Coinbase accounts were also compromised by hackers who set up fake websites that mimic the legitimate one which requests password or 2-factor authentication details be sent via text message as part of its login process; these types of attacks happen often enough that users should always remain cautious when entering sensitive information online, even if it appears on what looks like an official website.
We strongly suggest you not use SMS authentication if you truly care about the security of your Coinbase account.
Security Key – Most secure
Using a security key to protect all of your online accounts is strongly recommended. Security keys are the most secure method for 2FA.
Your accounts on sites like Gmail, Facebook, Dropbox, Instagram, and Twitter are just some that can be protected with a security key.

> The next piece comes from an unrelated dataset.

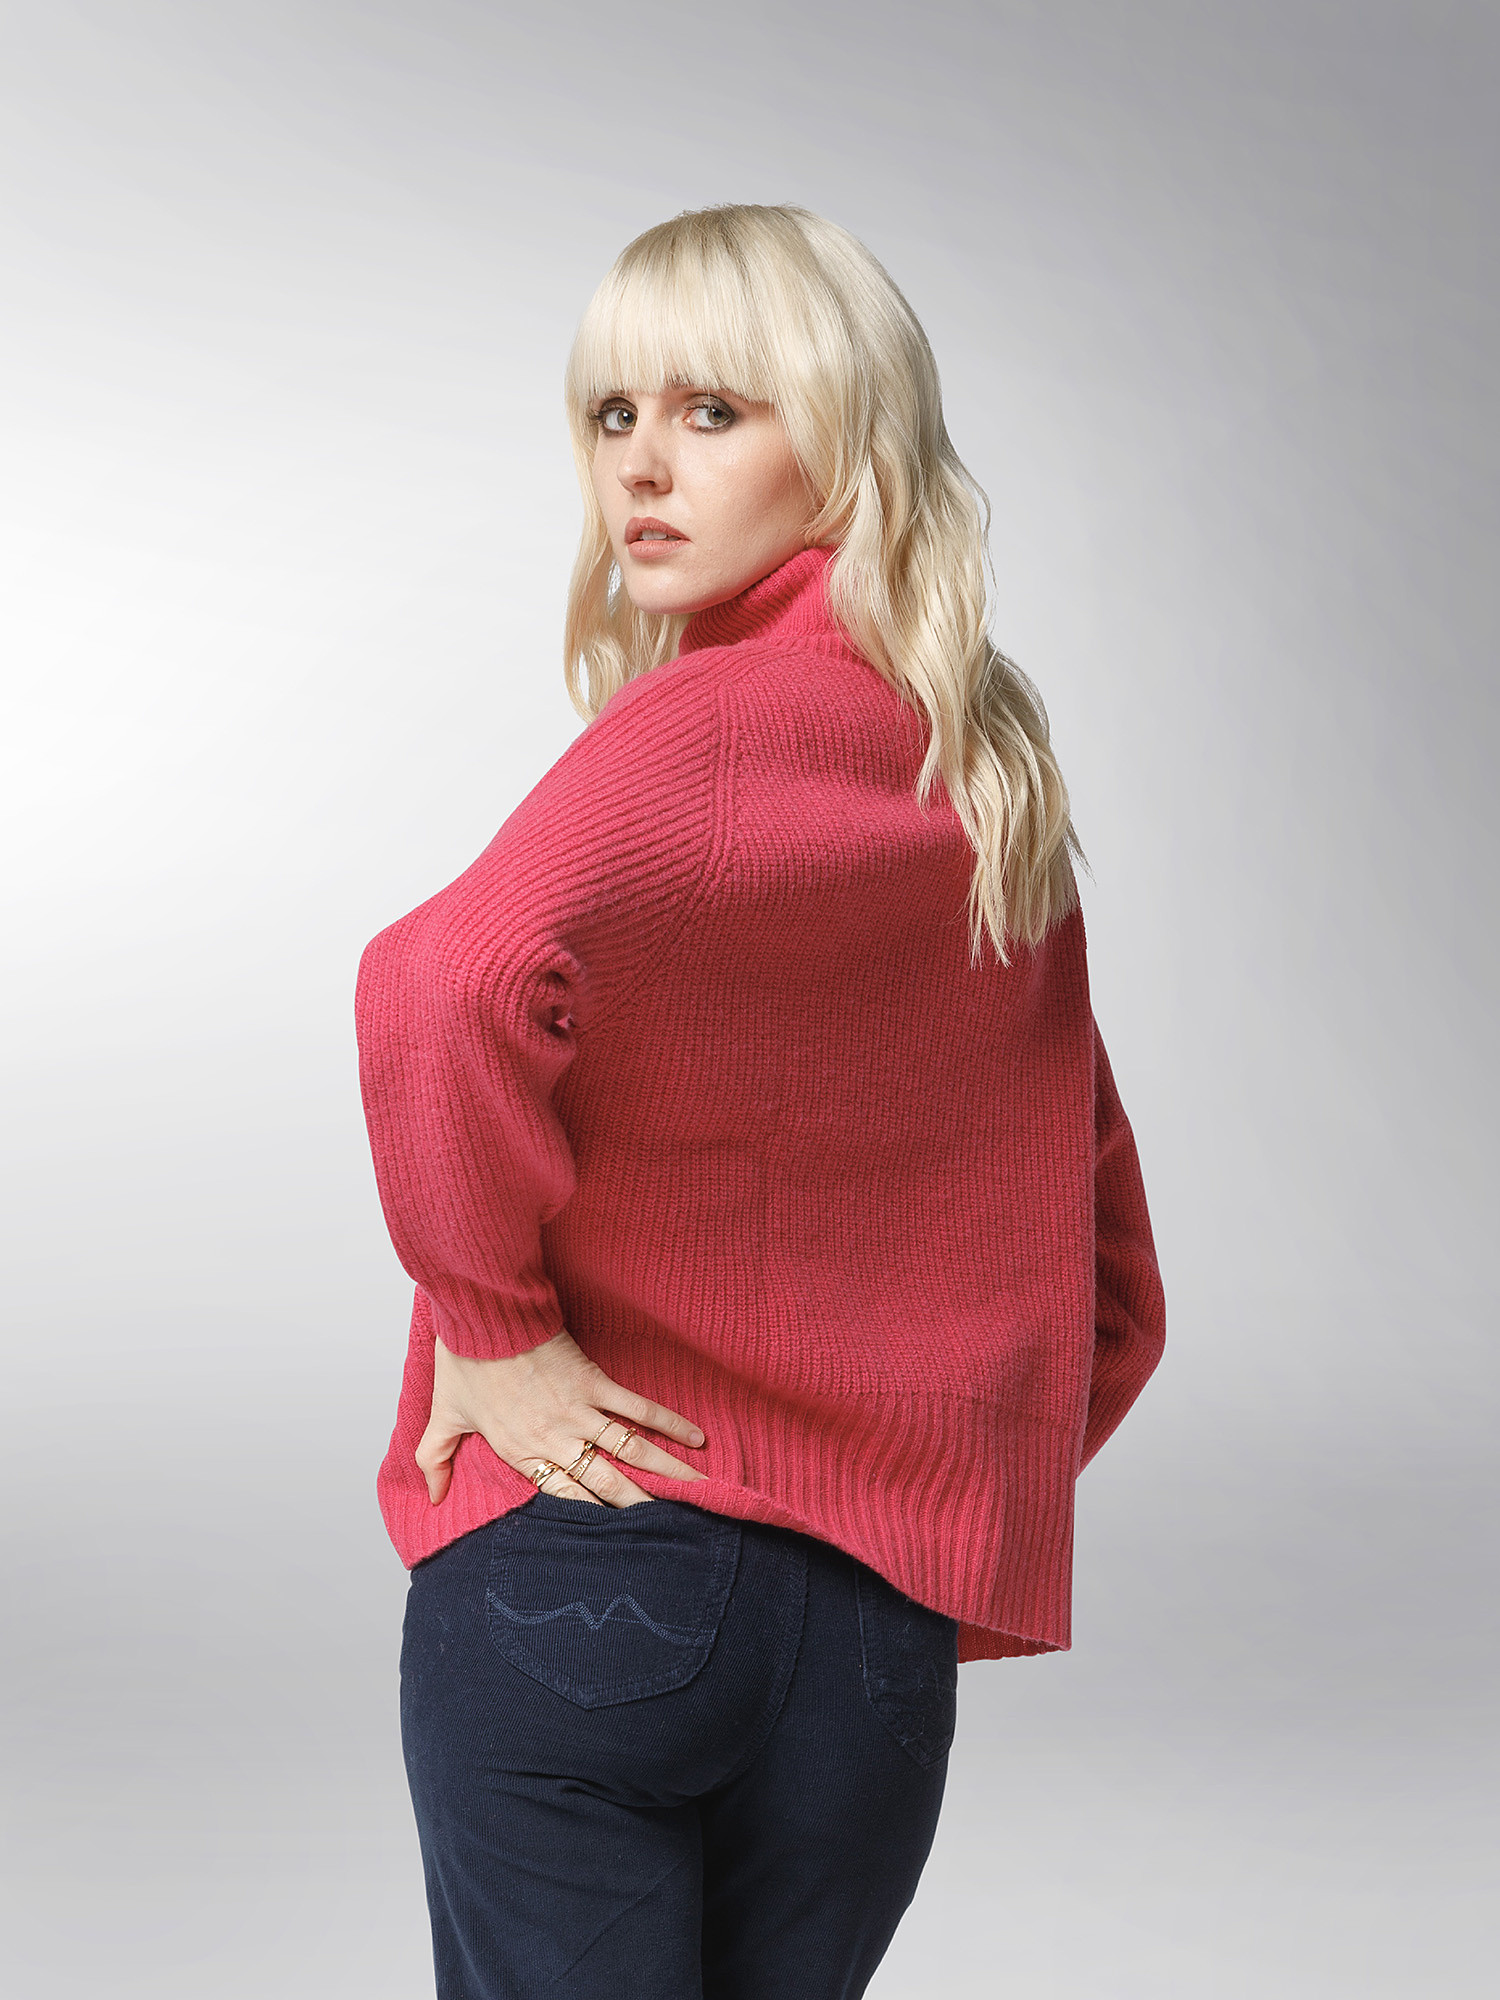 K Collection - Pullover dolcevita in lana cardata, Rosa fuxia, large image number 5

Security keys are the gold standard of modern account security, and browser manufacturers continue to expand support for additional devices.
You don’t have to wait, though; most security keys work out-of-the box with Gmail, Facebook, Dropbox, Instagram, Twitter, YouTube, etc., adding heightened levels of protection against account takeover attempts and phishing attacks.
Security keys are tiny physical devices that contain cryptographic chips to ensure you’re authenticating on the correct website. They work by ensuring no one else can pretend to be you unless they have your security key in their possession at the time of authentication.
Google’s 85,000 employees all use U2F security keys as part of a larger push for better cybersecurity practices, and not a single person has been successfully phished since these measures were implemented!
Security key technology is easy as a button press (rather than 6 digits sent through SMS or smartphone application). If you are looking to purchase a security key, Yubico is an excellent option.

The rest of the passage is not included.